The head of USDA must make science-based decisions in the face of overwhelming influence from a number of stakeholders. The new appointees must work to ensure that the hard-earned public health victories from the Obama administration are continually strengthened, not rolled back.
Former USDA secretary Tom Vilsack agrees. He recently told Politico (paywall), “I don’t think that any administration, coming in, following this administration, would be able to roll back everything that’s been done in the nutrition space. Because I think there is a consensus—and I believe it’s a bipartisan consensus—that we have had, and continue to have, a challenge with obesity. We have, and continue to have, concerns about the impact that’s going to have on our military, on our children’s futures, on medical expenses. So if anything happens in that space, it may be that industries are given more time to make adjustments. But I don’t think you’re going to see, ‘You know what? We’re going to go back to the day were we had more fat, more sugar, and sodium in our meals that we’re feeding our kids.'”

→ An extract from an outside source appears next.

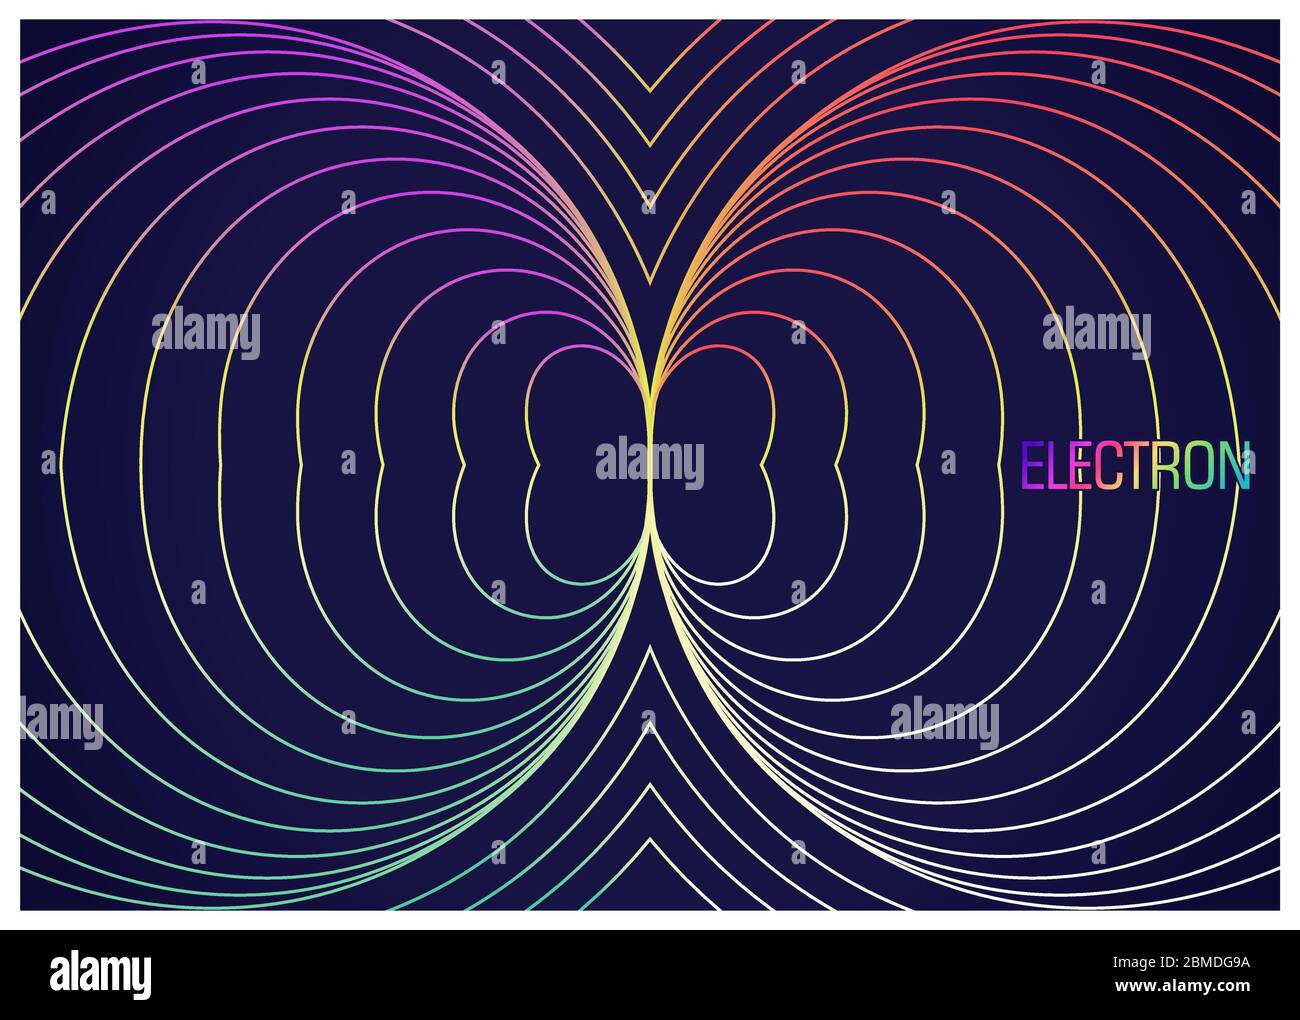 Elettrone. Composizione colorata con linee ondulate. Immagine astratta di particelle fisiche elementari. Progettazione concettuale la teoria della scienza. Illustrazione del vettore Illustrazione Vettoriale
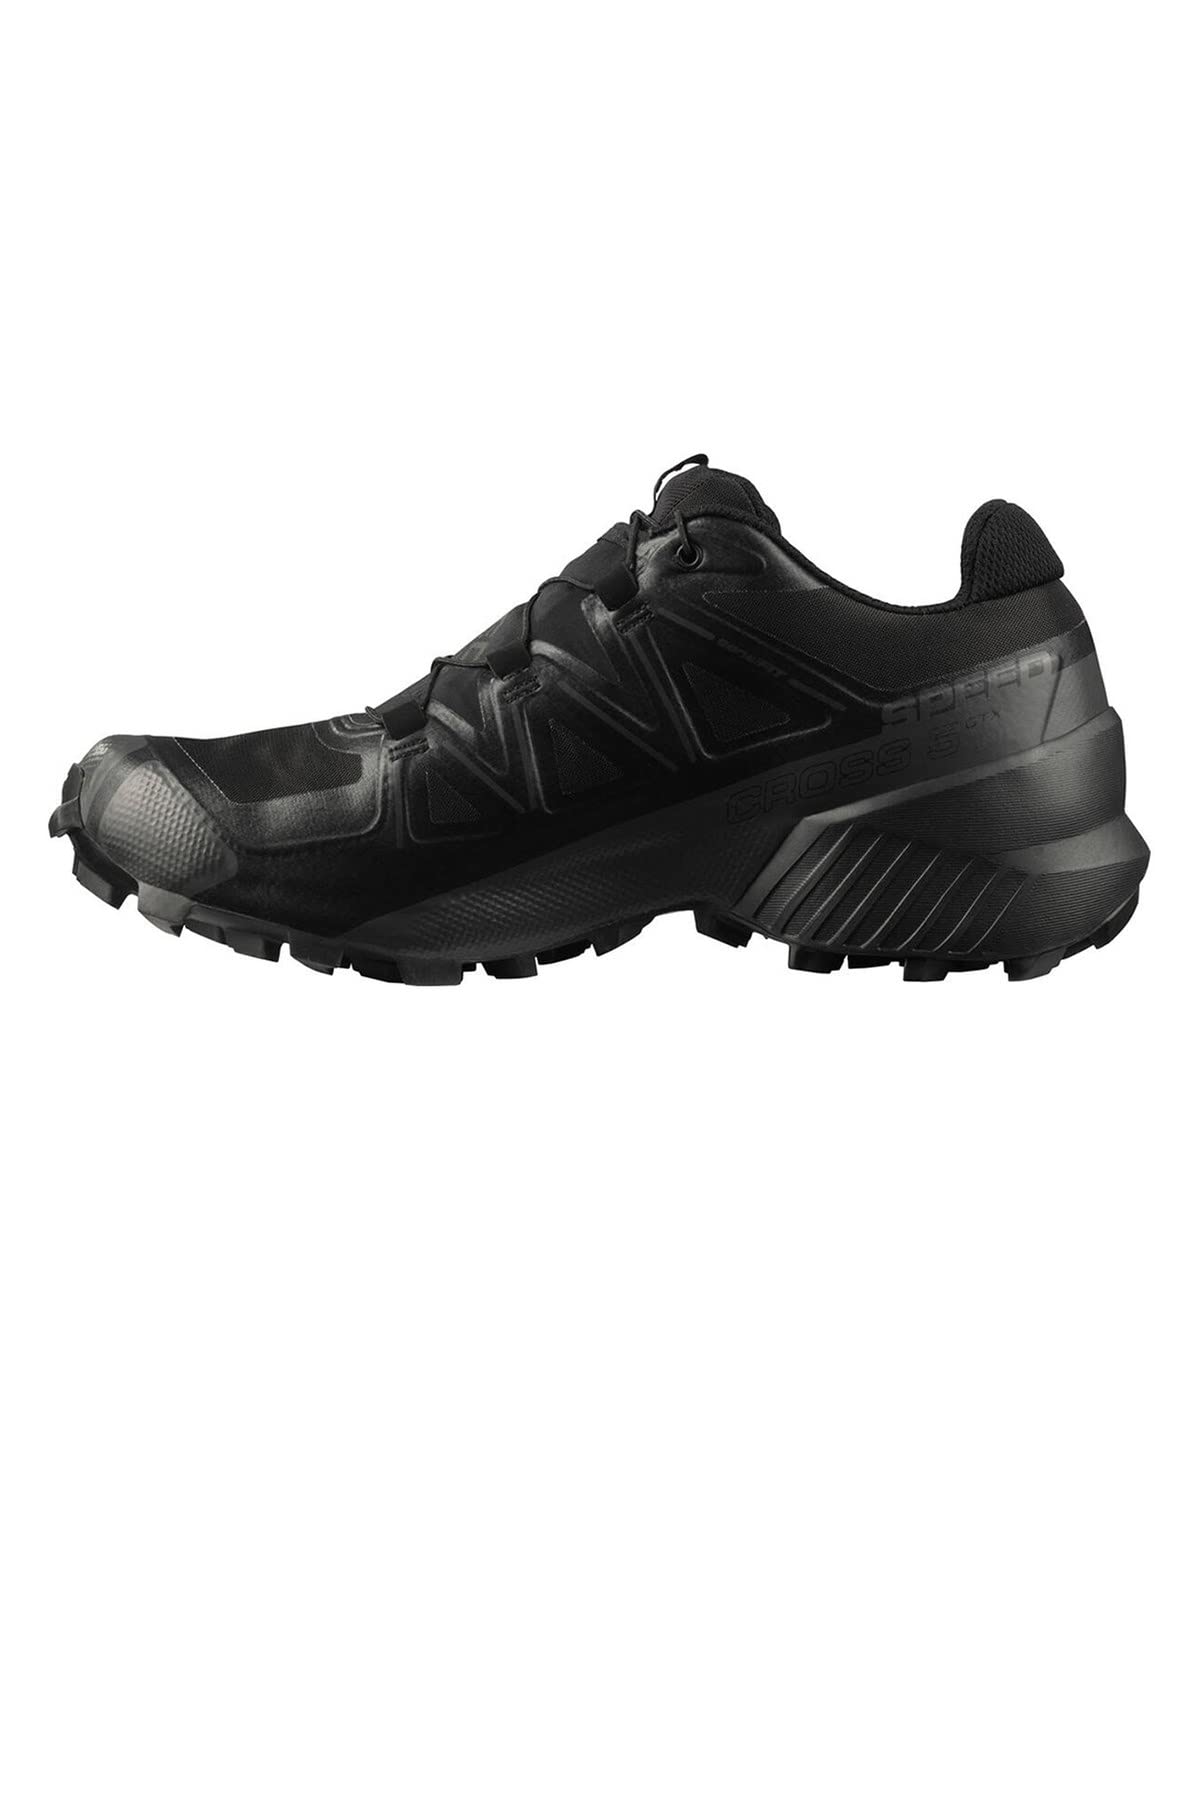 Salomon Speedcross 5 Gore-Tex Herren Trail Running Schuhe, Wetterschutz, Aggressiver Grip, Präzise Passform, Black, 45 1/3

Vilsack may be right about the consensus on the challenge of obesity, but public health experts and industry representatives disagree on the best way to meet that challenge. The next administration needs to understand that making strides in improving children’s health involves more than just following industry talking points by increasing physical activity in schools. The integrity of The Dietary Guidelines for Americans and the nutrition facts label and their place informing supplemental meal programs must not be sacrificed in a quest to cut regulations as they are critical tools used to educate consumers on how to achieve healthier diets.
It is critical that, if confirmed, Perdue fights hard at the helm of the USDA to make evidence-based policy decisions that support a strong food system instead of simply holding a service to pray for increased quality of and equitable access to food.